### TASK OBJECTIVE
Restate the listing that follows word for word, without its pictures.

### DATA SEGMENT
────────────────
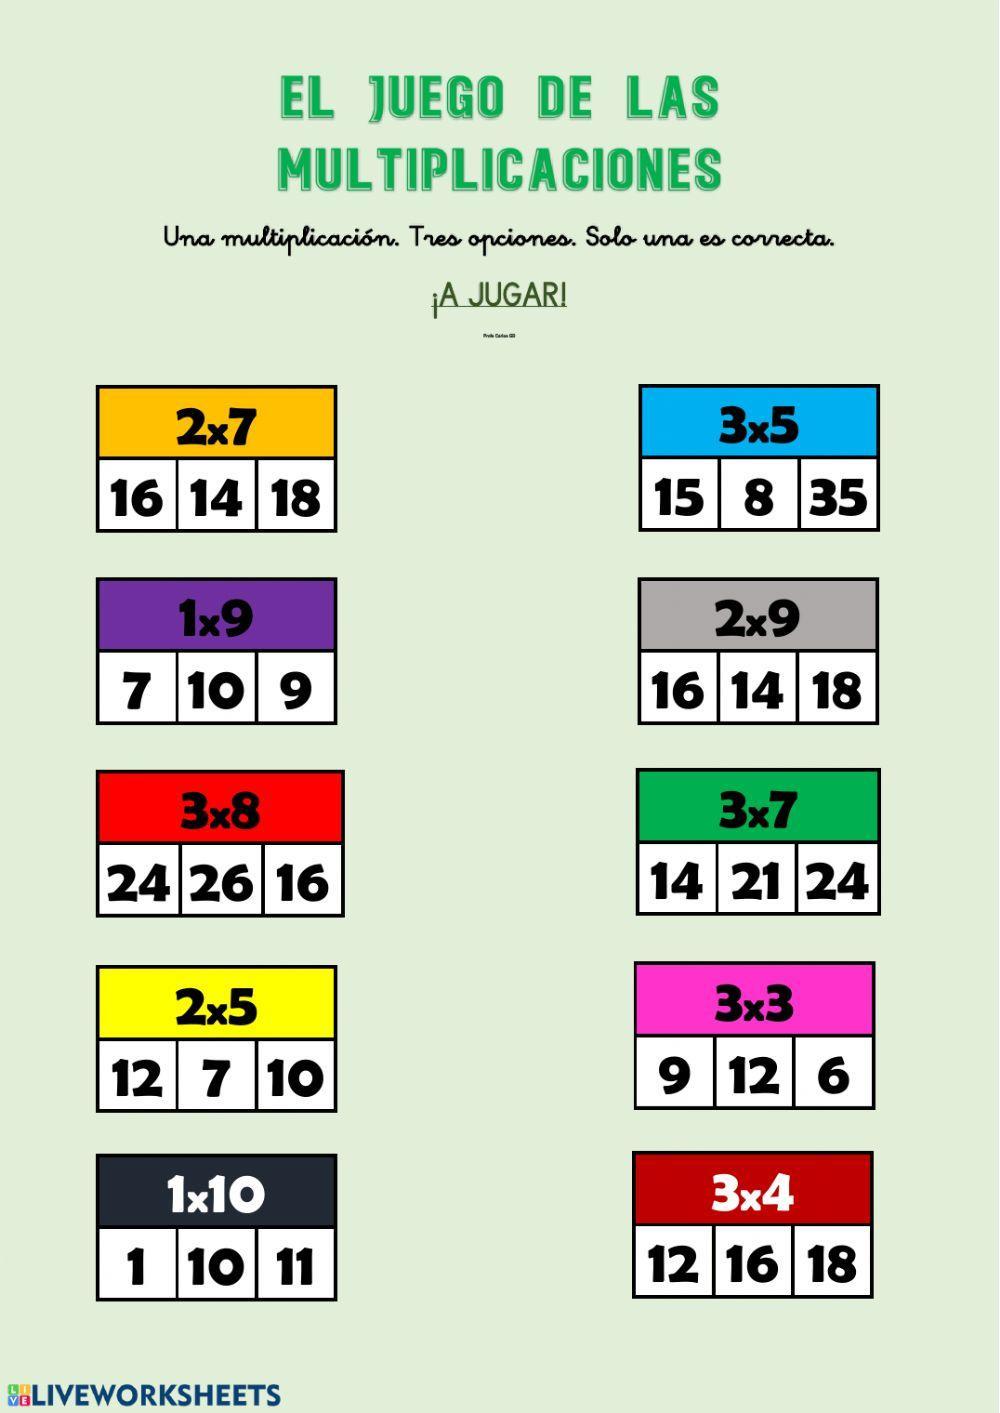 El juego de las multiplicaciones (1,2,3)
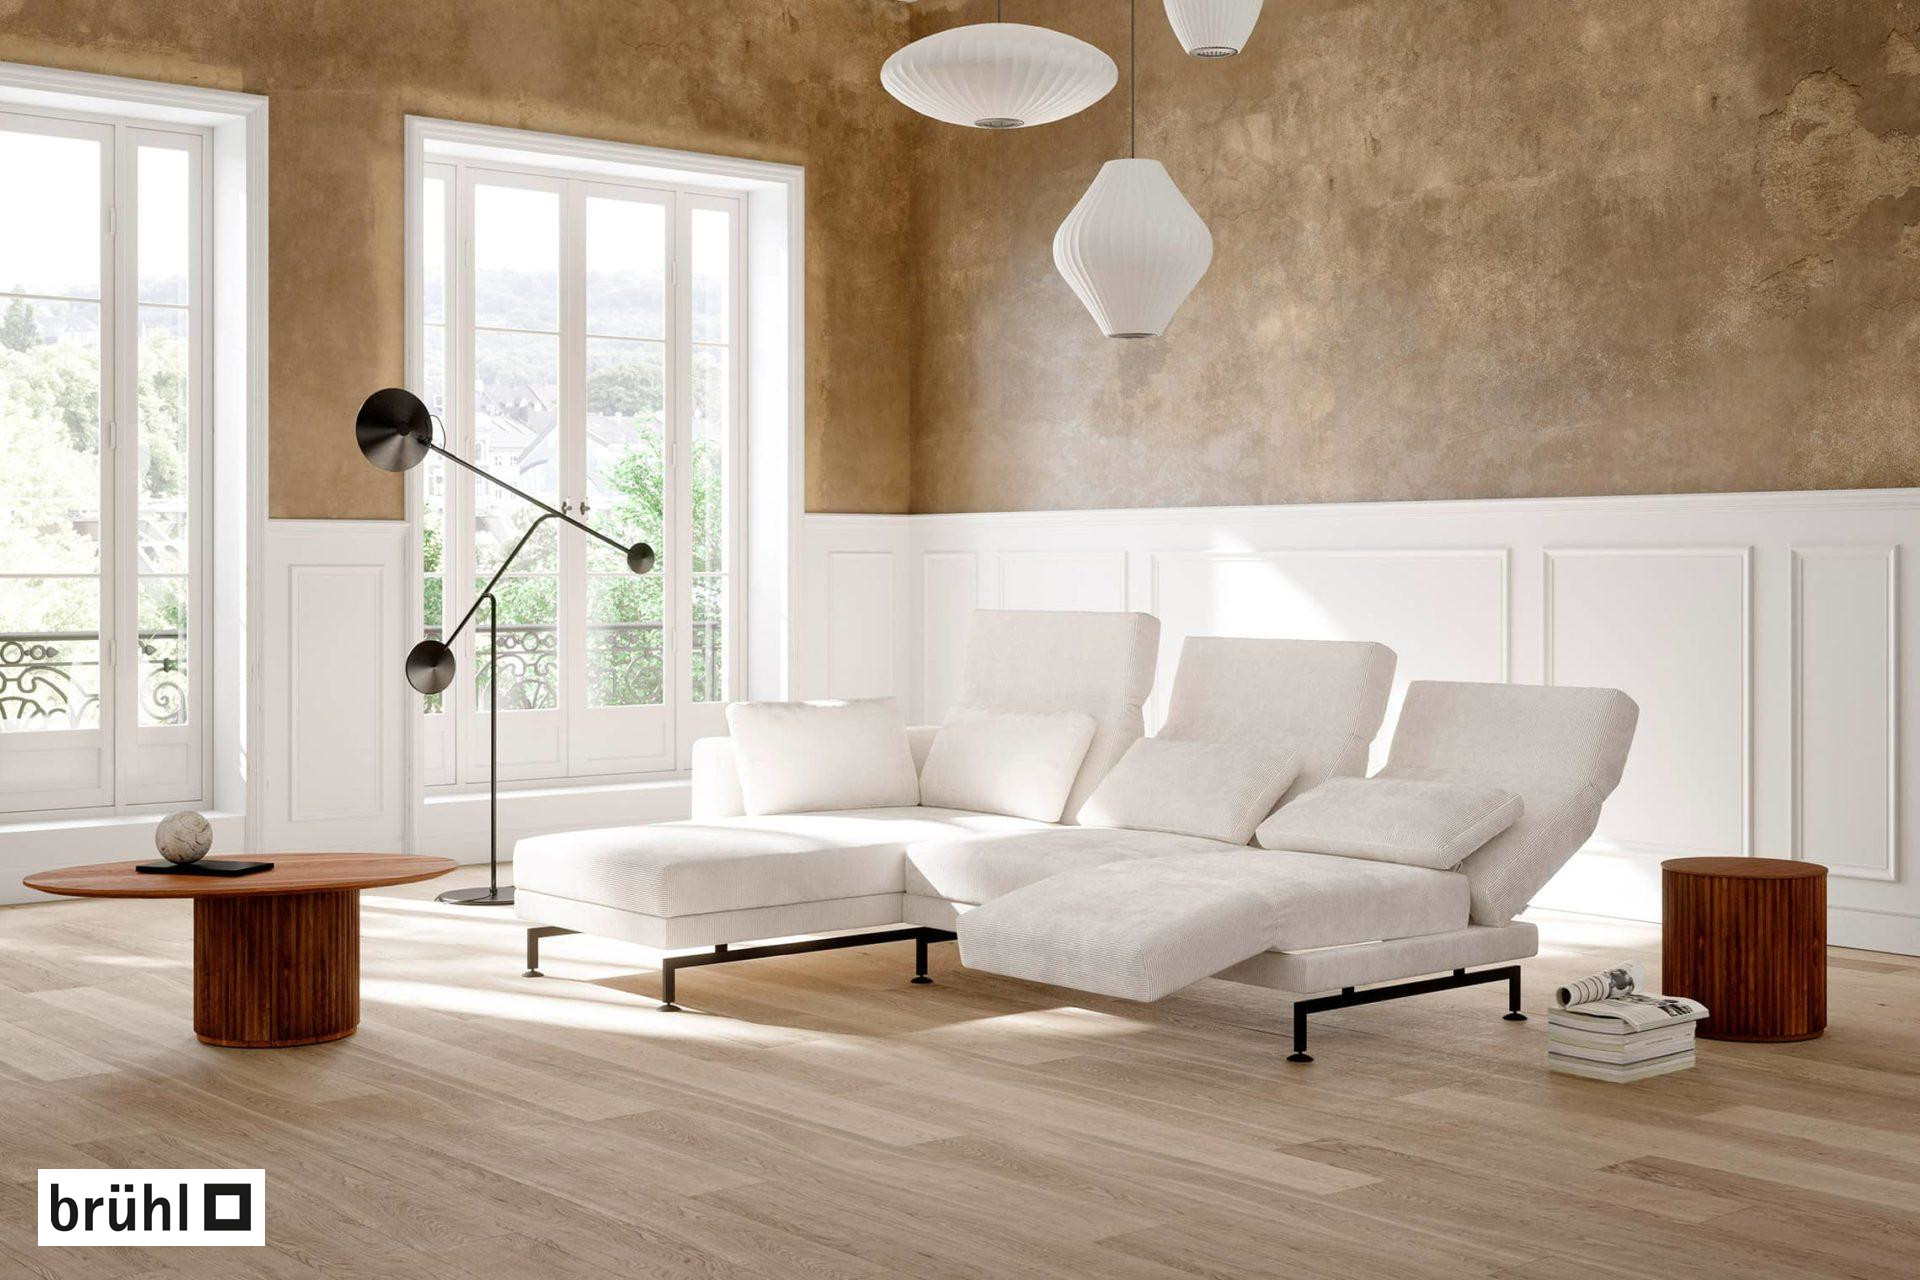 moule-Polstergarnituren der Marke brühl – moderne Designer-Sitzmöbel, erhältlich in Ihrem Möbelhaus bei Würzburg
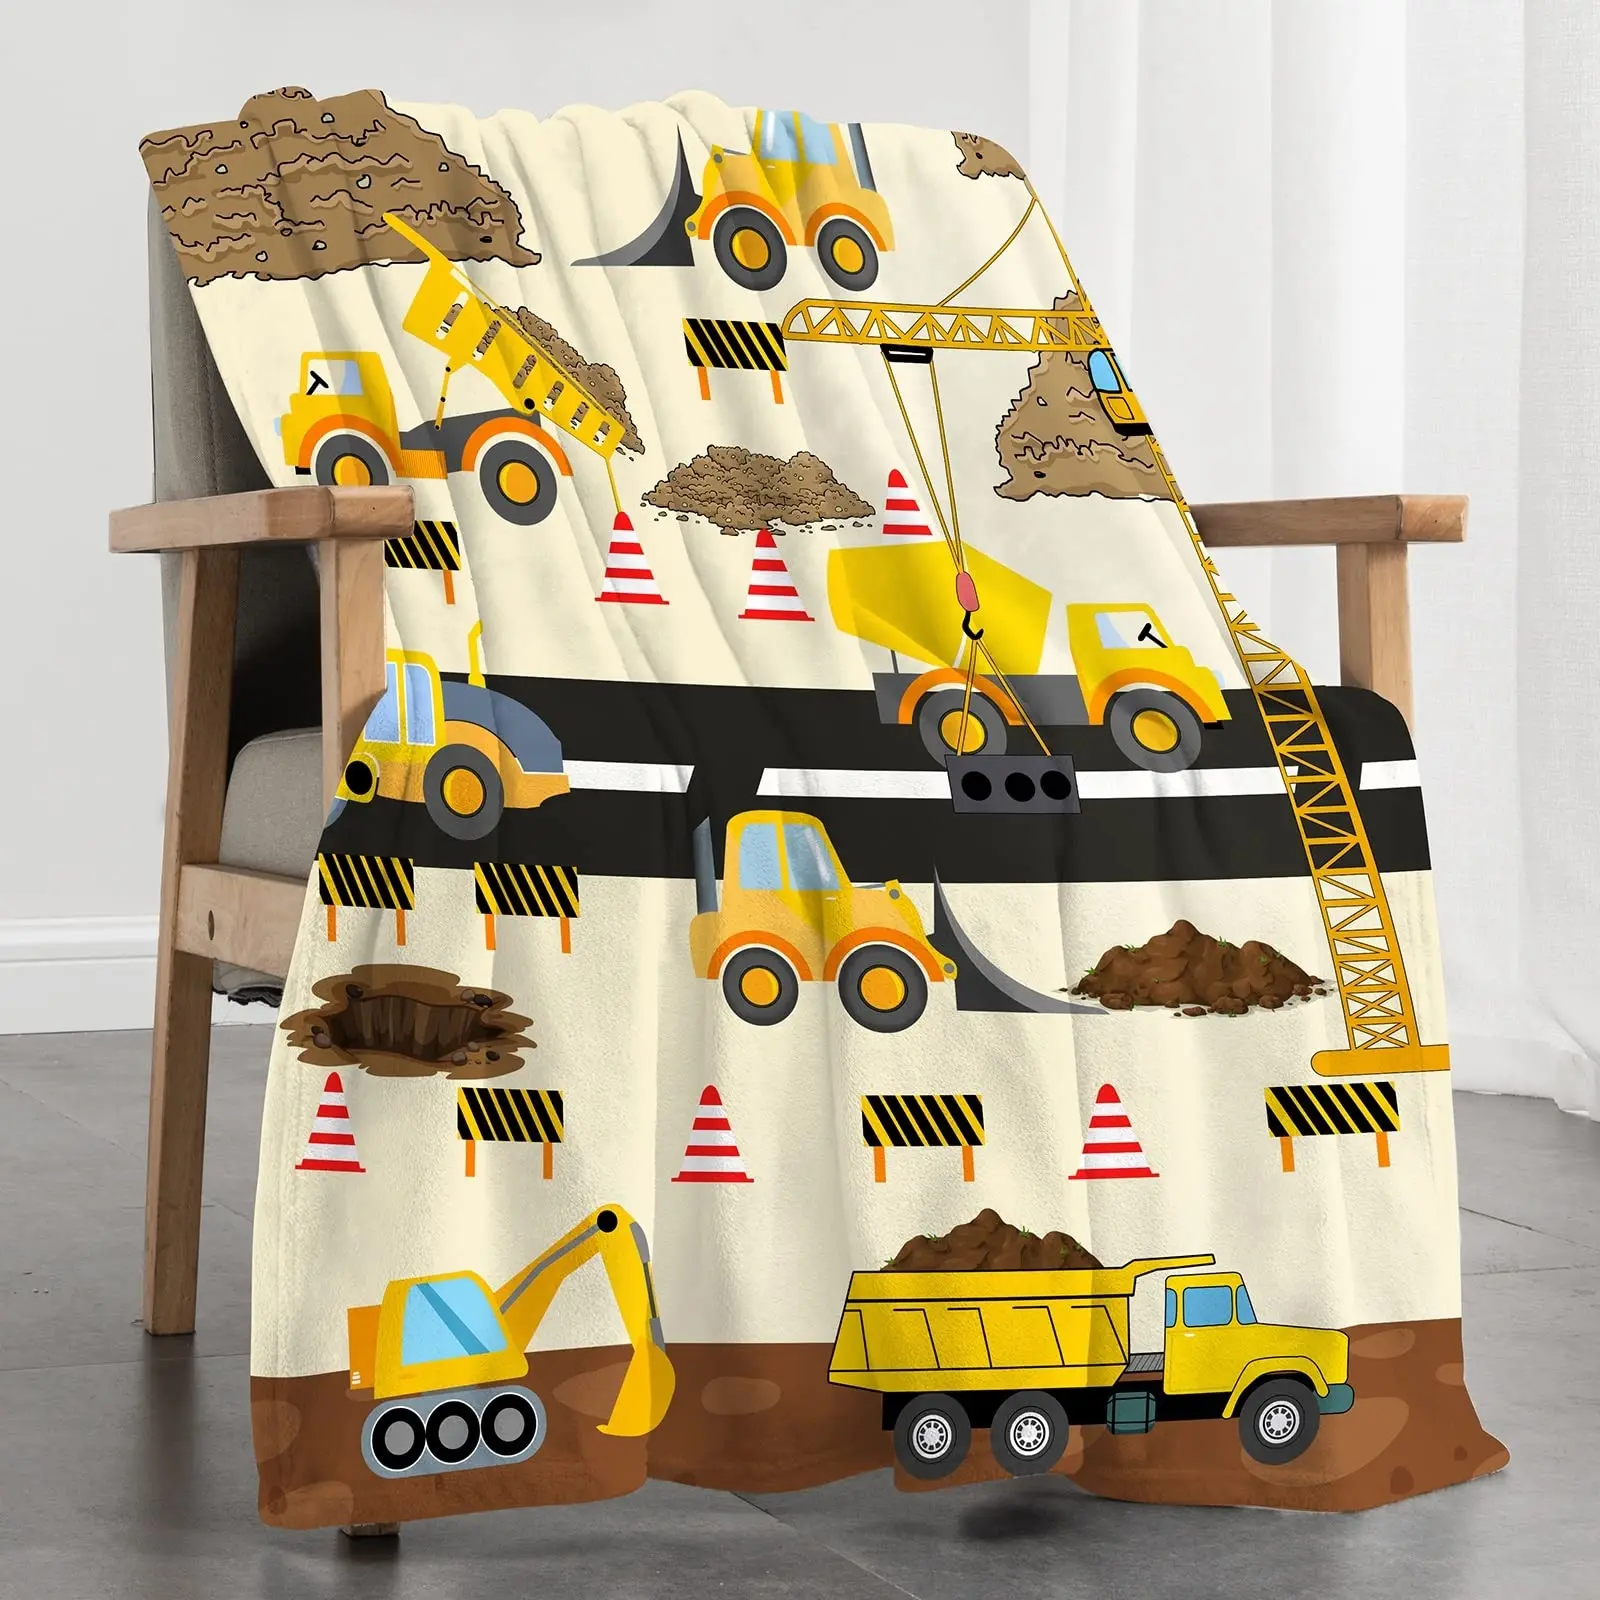 

Желтое одеяло для строительного грузовика, мультяшный трактор, автомобили, фланелевые покрывала для всех сезонов, детское одеяло для экскаватора, дивана
────────────────
### RESPONSE AREA
 El juego de las multiplicaciones (1,2,3)
 moule-Polstergarnituren der Marke brühl – moderne Designer-Sitzmöbel, erhältlich in Ihrem Möbelhaus bei Würzburg

Желтое одеяло для строительного грузовика, мультяшный трактор, автомобили, фланелевые покрывала для всех сезонов, детское одеяло для экскаватора, дивана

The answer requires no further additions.